Şubat ayının başında sonuçlarını açıkladığımız “Türkiye’de Kutuplaşmanın Boyutları” araştırması, ülkemizde bir arada barış içerisinde var olma hayaline oldukça mesafemiz olduğunu gösterdi. Türkiye seçmen nüfusunu temsil eden 1024 kişiyle yapılan araştırmanın sonuçları kamuoyunda “birlikte yaşayamama” konusunda bir farkındalık uyandırmışa benzer, farkı mecralarda yer aldığı göz önünde tutulursa.
Çalışmanın en dikkat çeken bulgusu farklı siyasi parti sempatizanlarının birbirine karşı duyduğu “sosyal mesafe” oldu. Sosyal mesafe kavramı, sosyal bilimci Bogardus tarafından bireylerin “diğer” bireylerle farklı temaslarda bulunmaya ne kadar hevesli/hevessiz olduklarını ölçmek amacıyla ortaya atılan bir kavram. Kendinize benzemeyenlerle komşu olmak, iş kurmak ya da “kız alıp-vermek” isteyip istemediğinize dayanan bir ölçek. Eğer bir grubun üyeleri diğer başka bir grubun üyeleriyle bu tür bir ortak yaşam kurma konusunda isteksiz ise; gruplar arası sosyal mesafenin arttığını söyleyebiliriz.
Genelde etnik kökene ya da ırka dayalı ayrımcılığın; bazen de Dünya Değerler Araştırması’nda olduğu gibi genel bir hoşgörünün/hoşgörüsüzlüğün göstergesi olarak kullanılan bu ölçeği Türkiye’ye uyarlayıp “en uzak hissedilen siyasi parti taraftarları” özelinde sorduğumuzda; ülkemizde siyasi parti sempatizanları arasında sosyal mesafenin arttığını öğrendik. Öncelikle seçmenlerin yüzde 80’i kendisini bir şekilde başka bir parti sempatizanlarına uzak hissediyor, ancak bununla da kalmıyor; en azı yüzde 74 olmak üzere; büyük çoğunluğu da bu kişilerle temas kurmayı istemiyor. İstenmeyen temaslar arasında “çocukların beraber oynamasının” da olduğu belirteyim ki, durumun ciddiyeti daha fazla gözüksün.

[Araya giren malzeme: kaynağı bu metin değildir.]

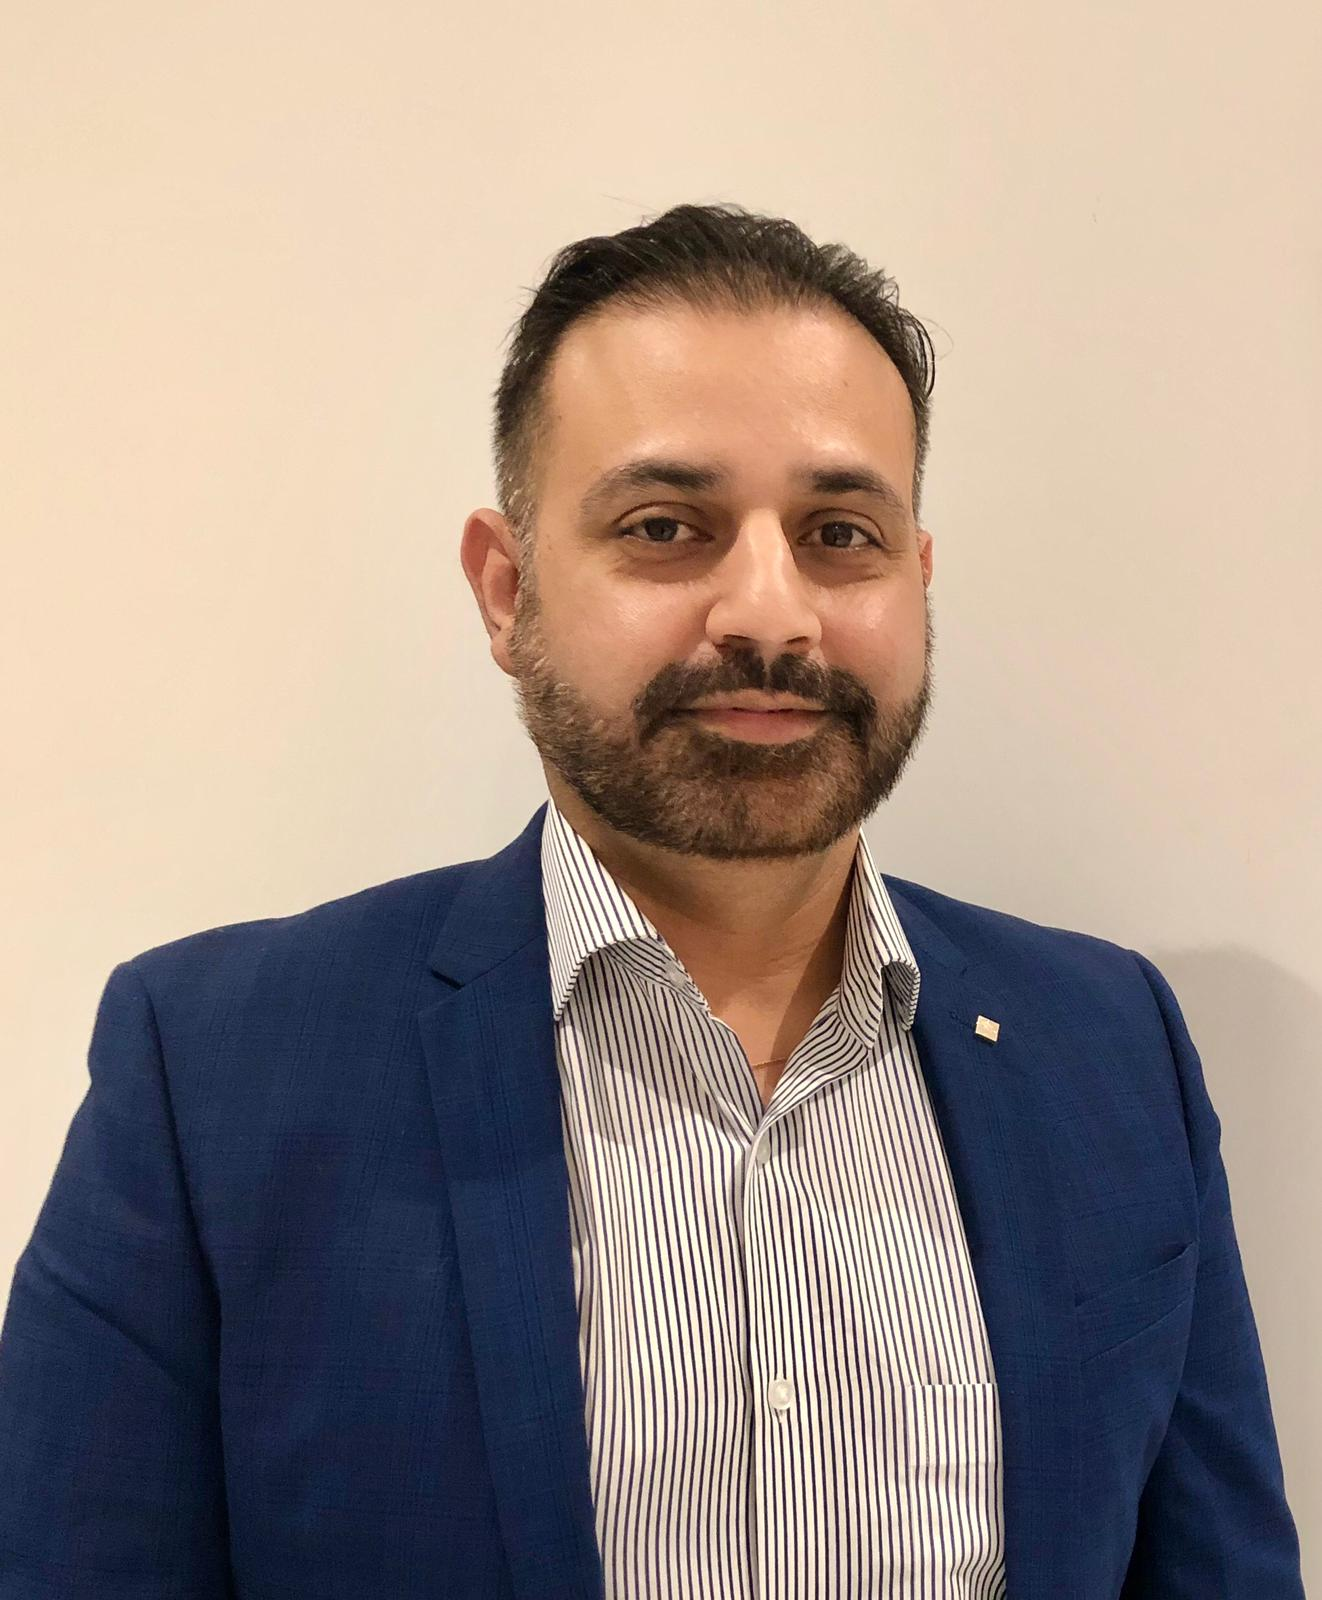 Dr. Tayyab Ali

Aynı seçmenlerin bir dizi iyi ve kötü sıfat sayıldığında, bütün iyi sıfatları kendilerini yakın hissettikleri parti taraftarlarına; bütün kötü sıfatları da “öteki” partinin taraftarlarına layık gördüklerini de öğrendik. “Vatansever”, “onurlu”, “açık fikirli”, “cömert” ve “zeki” kendi partimizin taraftarlarının sıfatlarıyken; “öteki” parti sempatizanlarına ise “kibirli”, “bencil”, “zalim” ve “bağnaz” gibi sıfatlar düşmekte. Üstelik ankete katılanların “ikisine de uygun” ya da “hiçbirine uygun değil” gibi daha kabul edilebilir yanıtlar verme şansı varken. Bu durum bize parti sempatizanları arasında sadece sosyal mesafenin değil, duygusal mesafenin de yüksek olduğunu gösterdi. Daha önce benzer bir çalışma yapılmadığından “arttı” ya da “azaldı” diyemeyiz, ancak şu halinin bile kaygı verici derecede yüksek olduğu açık.

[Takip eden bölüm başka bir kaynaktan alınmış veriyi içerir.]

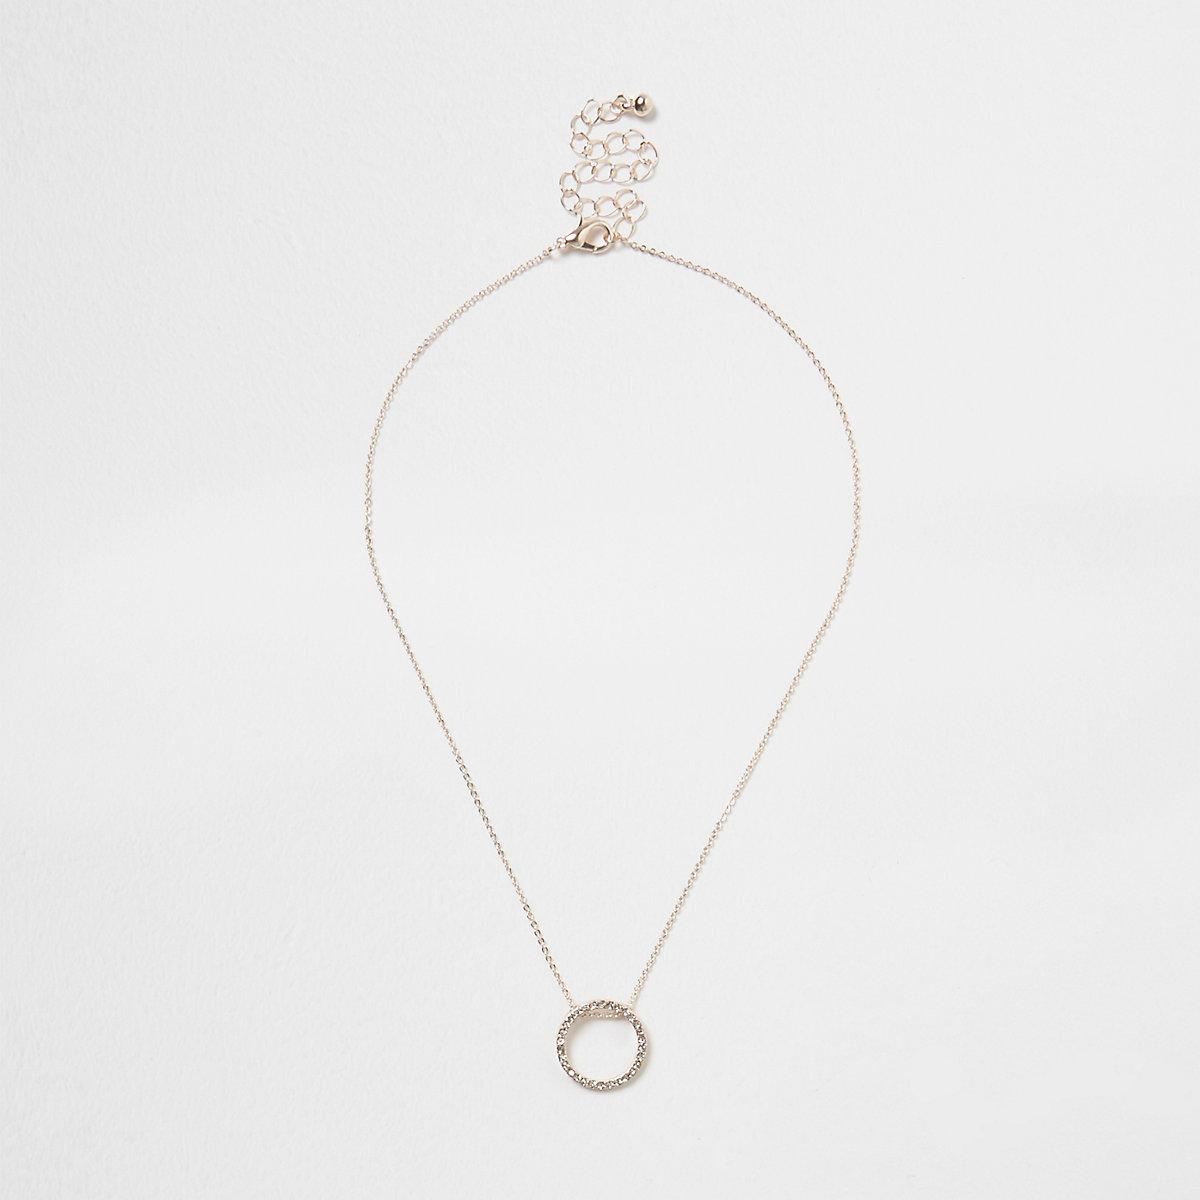 Rose gold tone rhinestone pave circle necklace

Sosyalizasyonunu 1990’larda tamamlamış her birey, takım tutar gibi parti tutulmaması gerektiğini bilir; bugün bu partiye, yarın o partiye oy verirsiniz de; bugün bu takım, yarın o takım, pek makbul bir davranış sayılmaz. Demokrasilerde siyasi partiler milletin hizmetkârı olması gerektiğinden, hizmetinden memnun kalmadığınız dükkândan çıkmak ve karşı kaldırıma geçmek en doğal hakkınız, bunu takım tutarken yapamıyorsunuz. Ama görülen o ki, sempati duyduğumuz siyasi partilerle ilişkimiz öyle bir hal almış ki, siyasi partiler arasında geçiş yapabilmek için aşmanız gereken koskocaman bir duvar var, üstelik yıkılması da pek mümkün gözükmüyor.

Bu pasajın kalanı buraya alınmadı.